Determining how many and which type of clinical trial participants accurately represent (or at least better approximate) the patient population living with the health condition being studied will improve good business, regulatory, and clinical practice. New regulations, if equally enforced, plus new data-driven technologies are two crucial parts of a long-term solution-in-the-making. We still have a long way to go, but driving to ensure population representation enables organizations to deliver safe medicines that have a greater likelihood to help all patients equally: the ultimate goal for all.
Specific sections from FDA’s April 2022 Diversity Plan guidance that this refined approach will address include:

Goals for enrollment of underrepresented racial and ethnic participants: Specify goals for enrollment of underrepresented racial and ethnic participants (e.g., based on the epidemiology of the disease and/or based on a priori information that may impact outcomes across racial and ethnic groups; and where appropriate, leverage pooled data sources or use demographic data in general population). In some cases, increased (i.e., greater than proportional) enrollment of certain populations may be needed to elucidate potential important differences.
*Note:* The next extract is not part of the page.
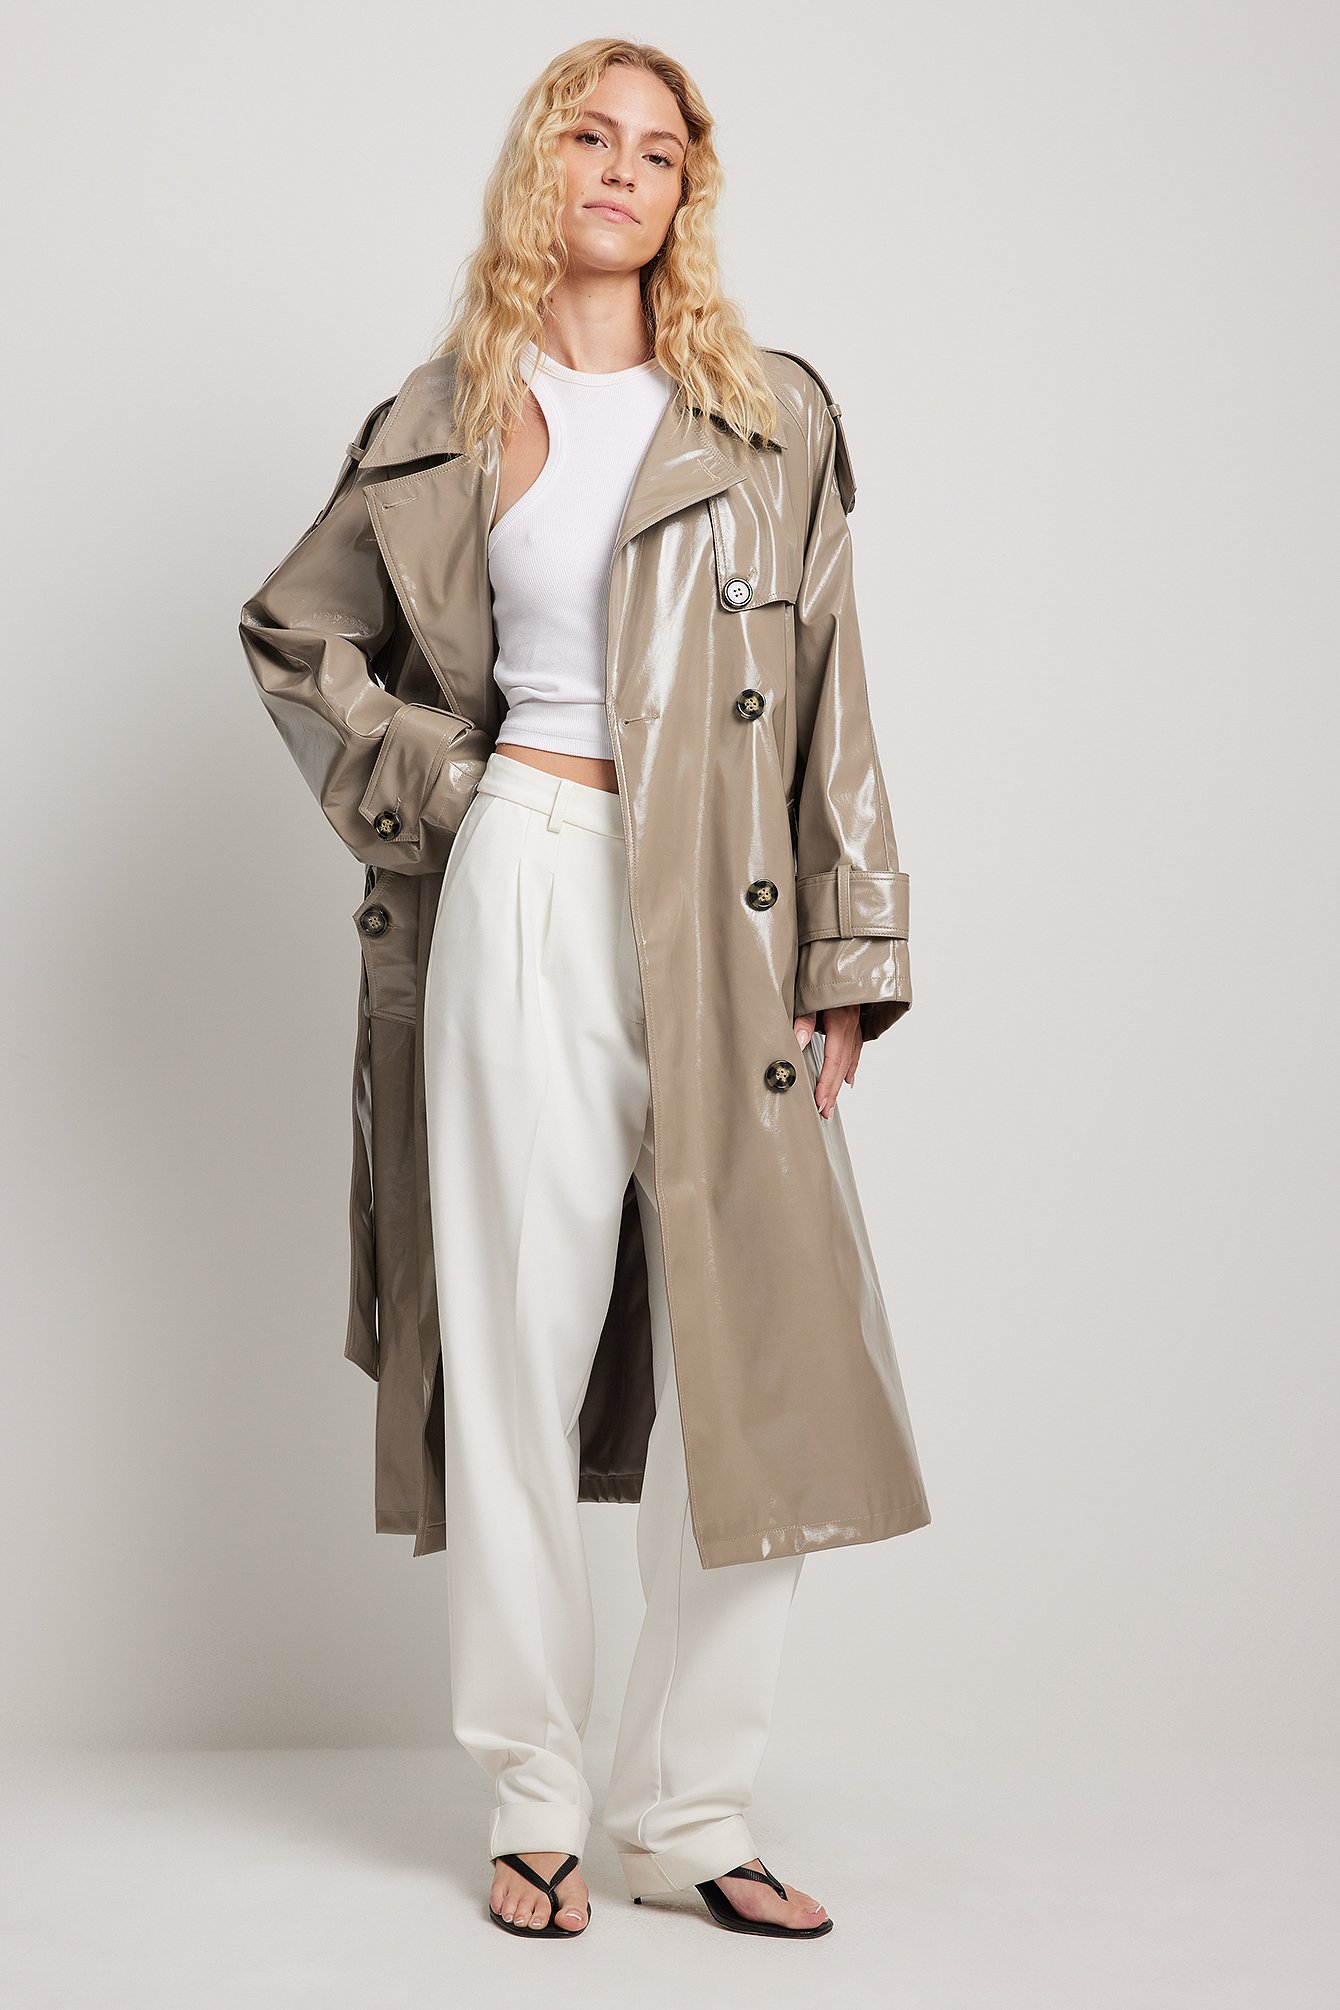 Shiny PU Belted Trench Coat Outfit

Specific plan of action to enroll and retain diverse participants:

  • Describe specific trial enrollment and retention strategies, including but not limited to site location and access (e.g., language assistance for persons with limited English proficiency, reasonable modifications for persons with disabilities, and other issues such as transportation); sustained community engagement (e.g., community advisory boards and navigators, community health workers, patient advocacy groups, local healthcare providers, etc.); and reducing burdens due to trial/study design/conduct (e.g., number/frequency of study-related procedures, use of local laboratory/imaging, telehealth).
  • Describe metrics to ensure that diverse participant enrollment goals are achieved and specify actions to be implemented during the conduct of the trial(s) or studies if planned enrollment goals are not met.

Status of meeting enrollment goals: As the diversity plan is updated (when applicable), discuss the status of meeting enrollment goals. If the sponsor is not able to achieve enrollment goals despite best efforts, discuss a plan and justification for collecting data in the post-marketing setting.